(Task input begins)

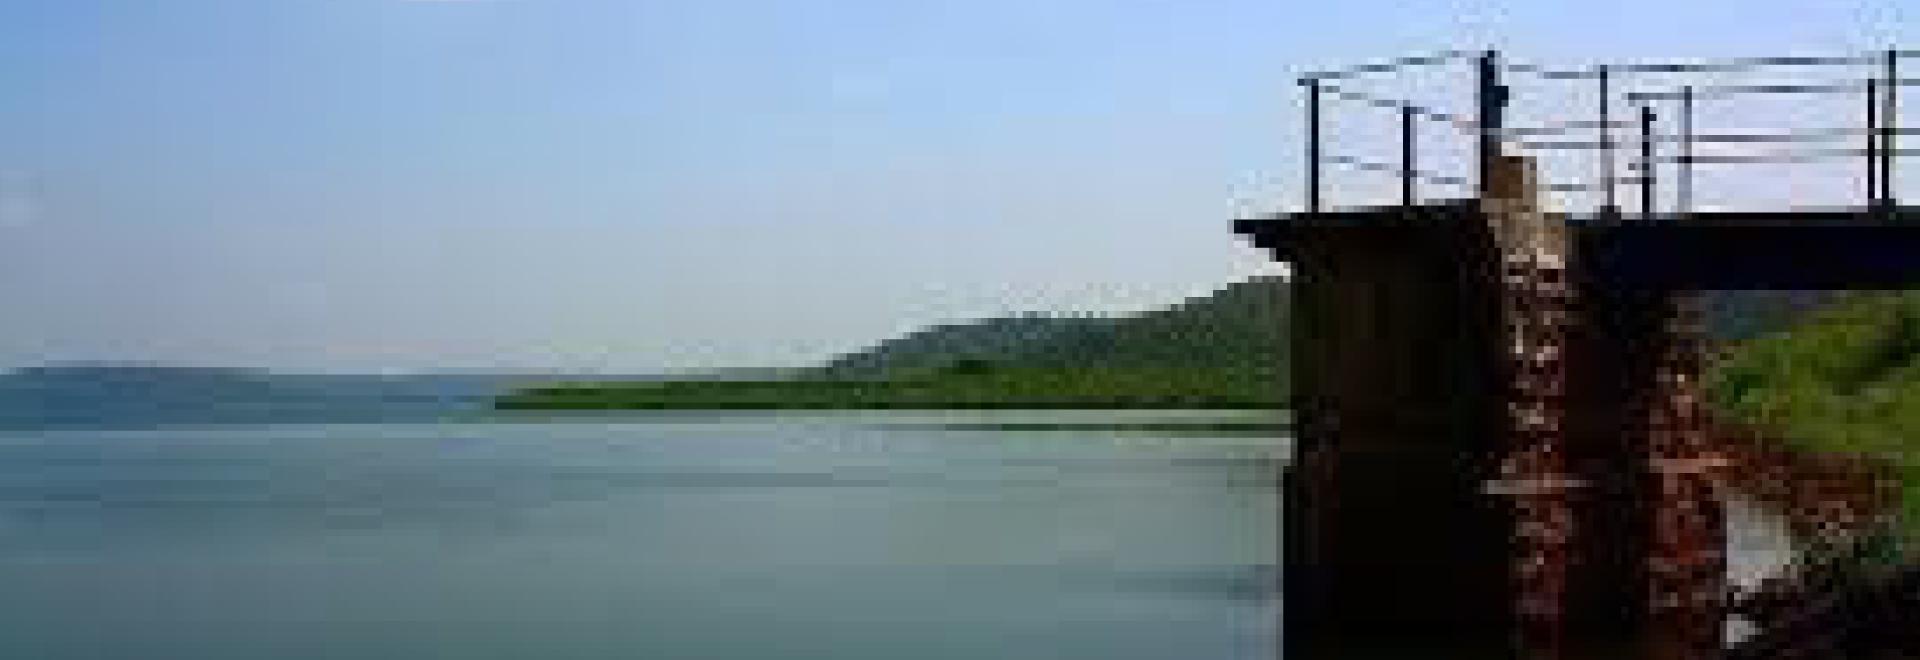 Pariat Gravity Dam
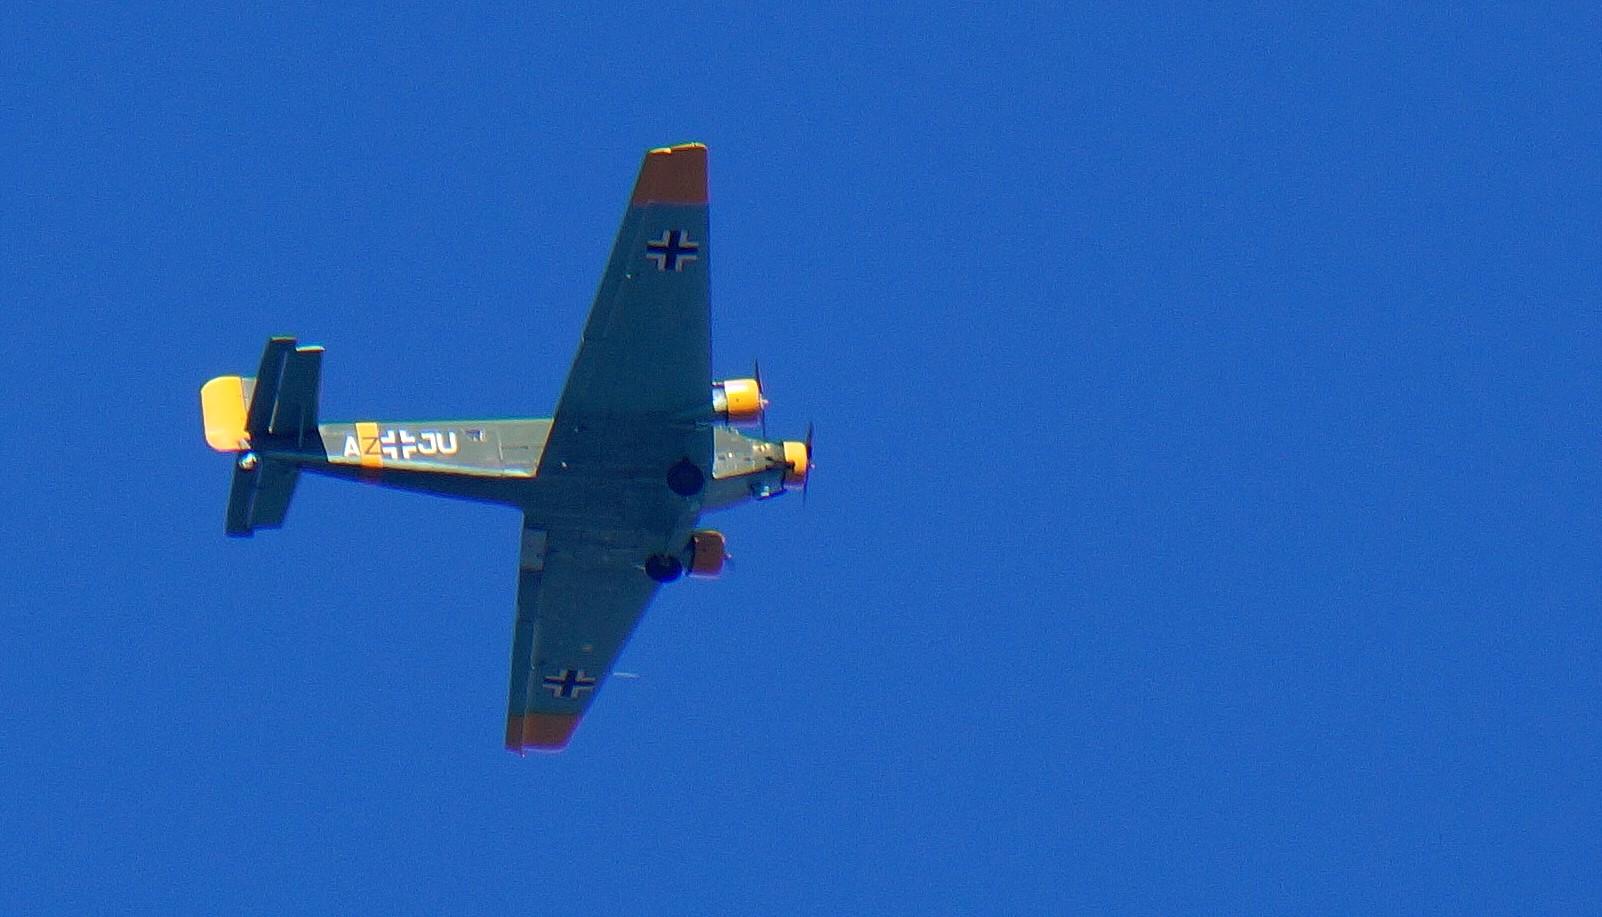 [Aéronavale divers] C'est quoi cet avion ? 166571avionallemand2
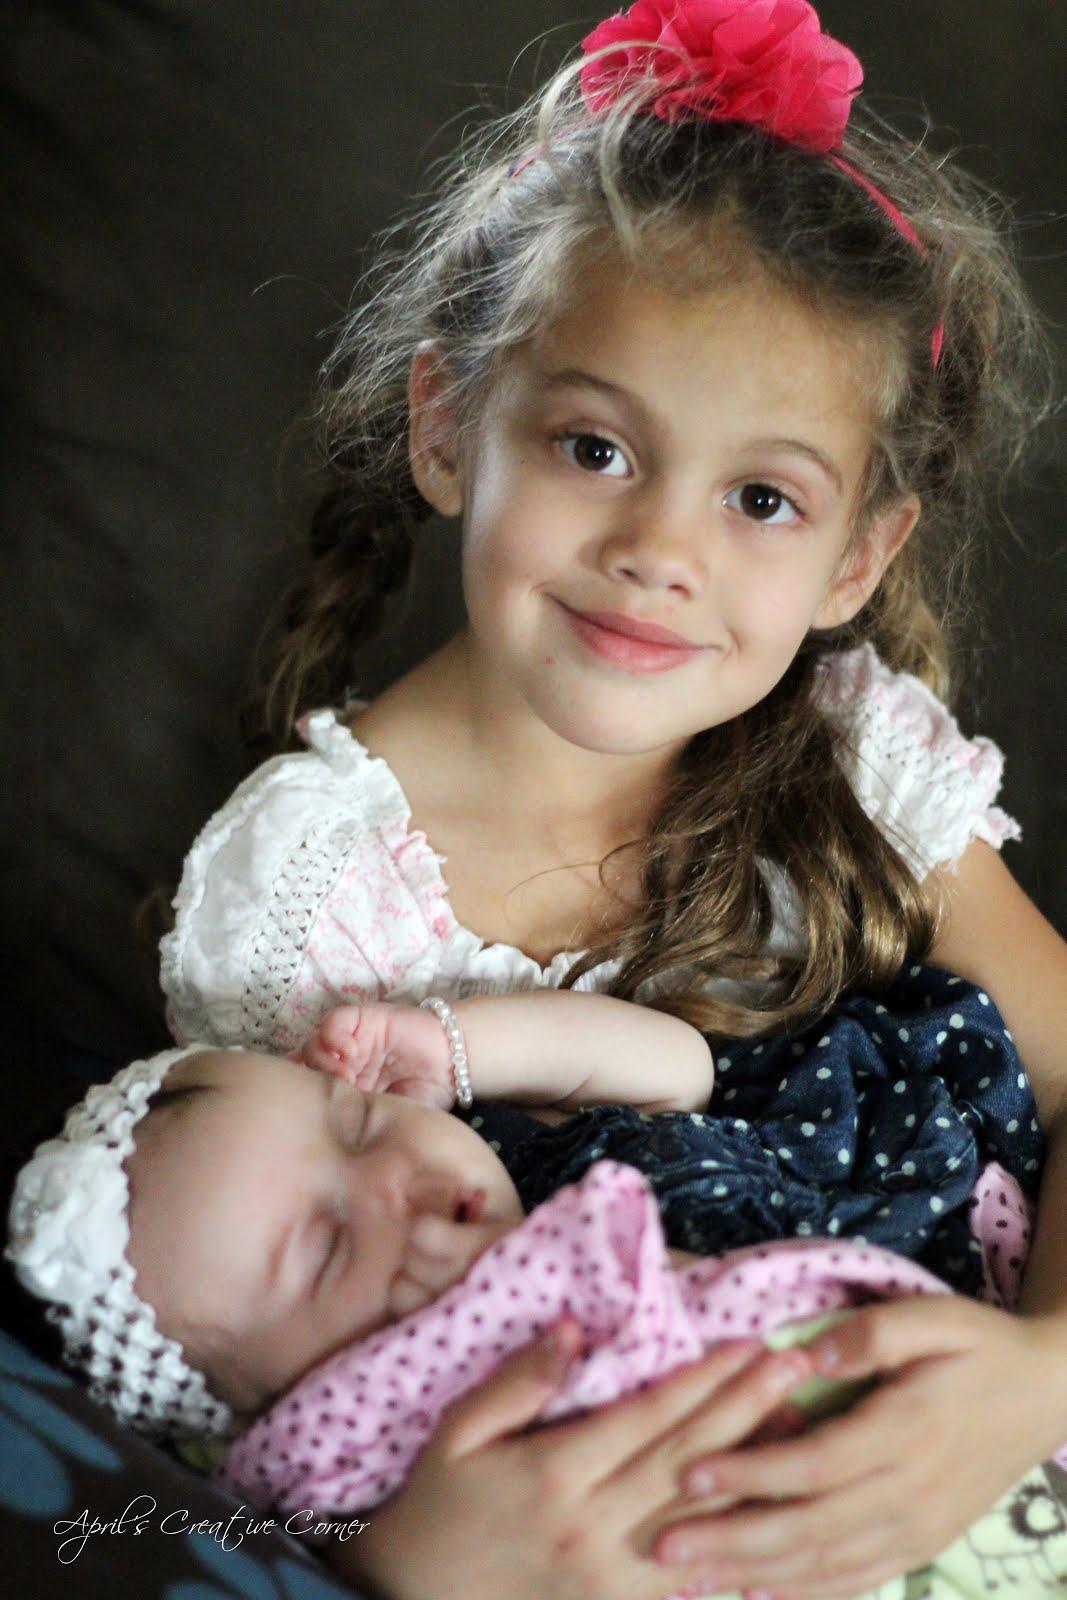 Thalia S Daughter Pict...
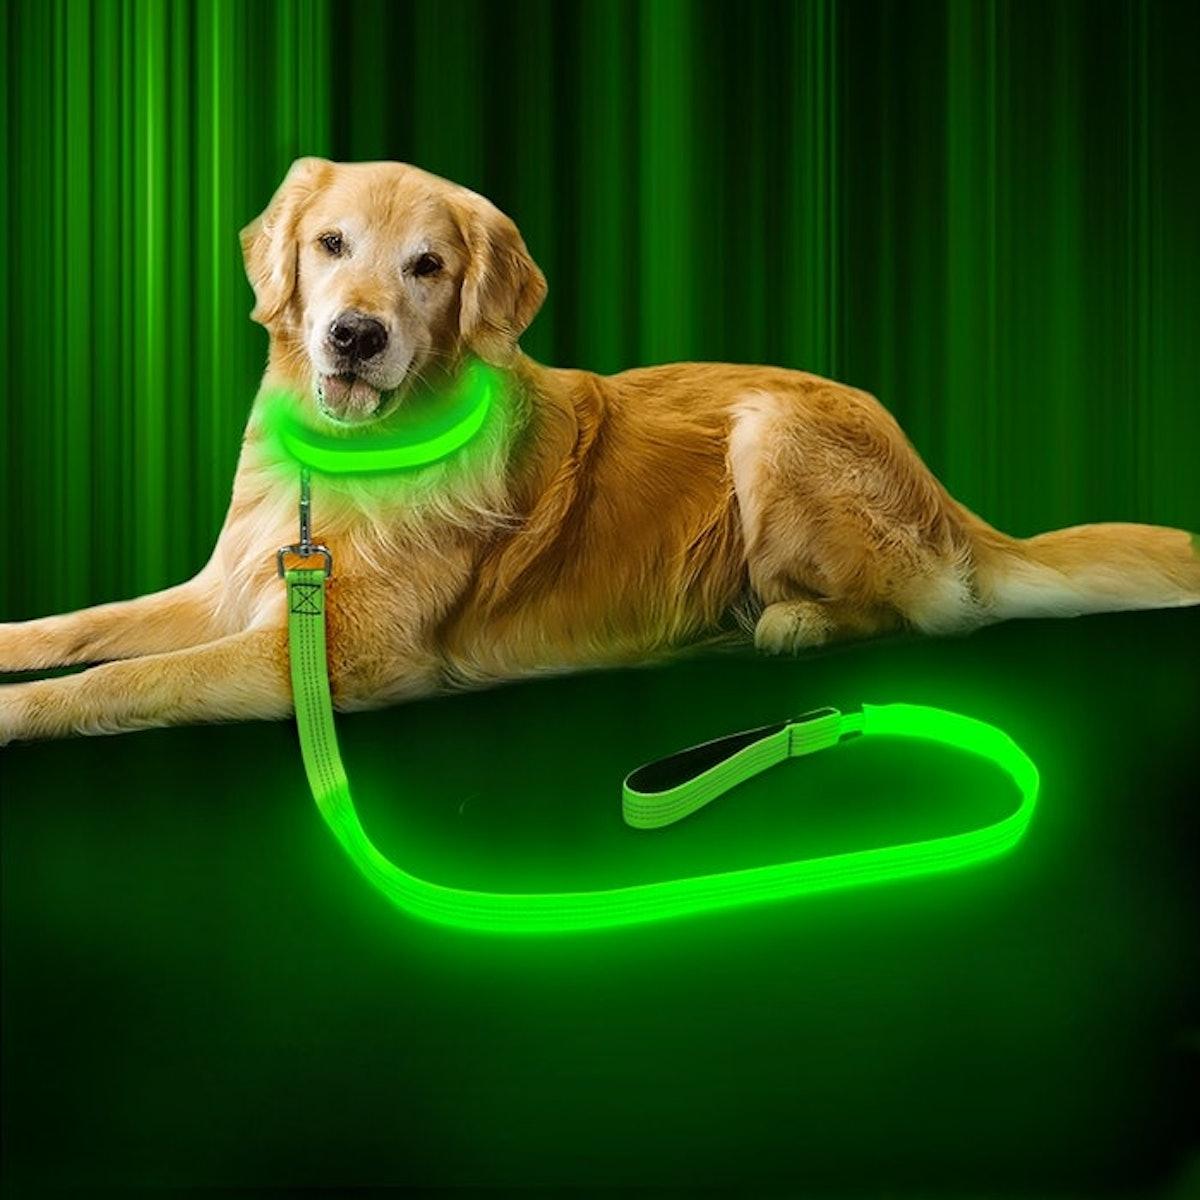 BSEEN LED Dog Leash
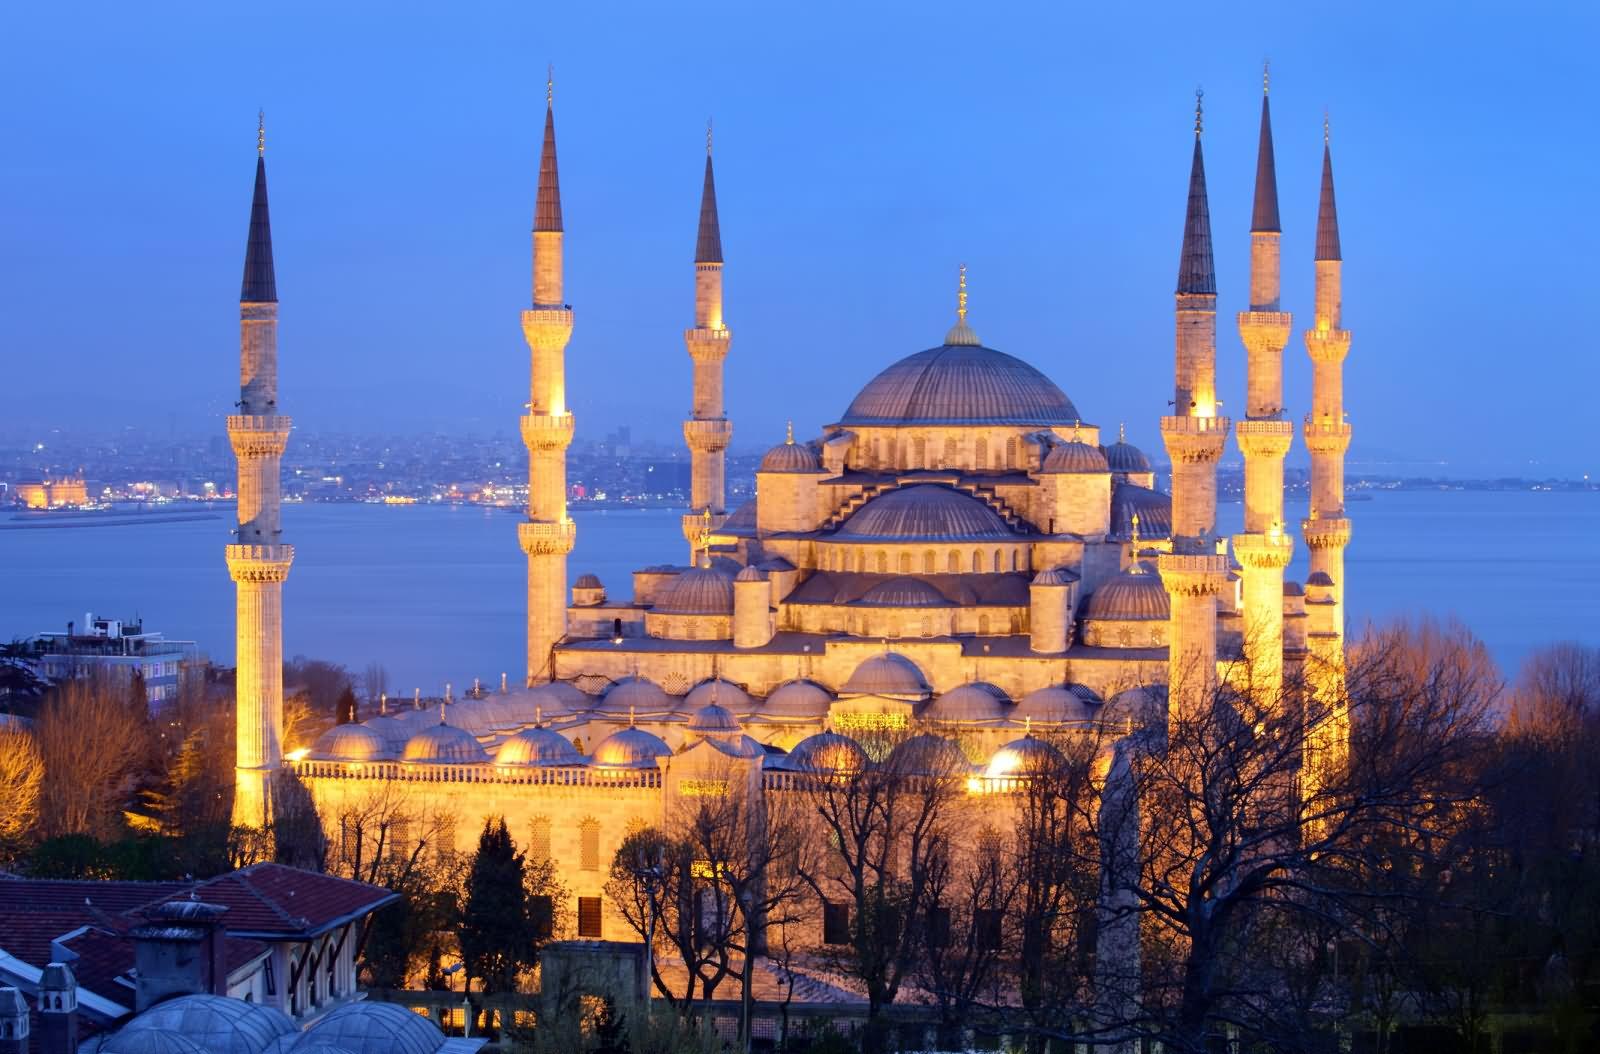 Θα πας Κωνσταντινούπολη; Μάθε αυτά που ΔΕΝ πρέπει να κάνεις! (Photos)

(Task input ends)

Assignment:
Nothing but the lines from the one with "BSEEN LED Dog Leash" through the last line of the material above should appear in the answer, each copied exactly, with no pictures.

Solution:
 BSEEN LED Dog Leash
 Θα πας Κωνσταντινούπολη; Μάθε αυτά που ΔΕΝ πρέπει να κάνεις! (Photos)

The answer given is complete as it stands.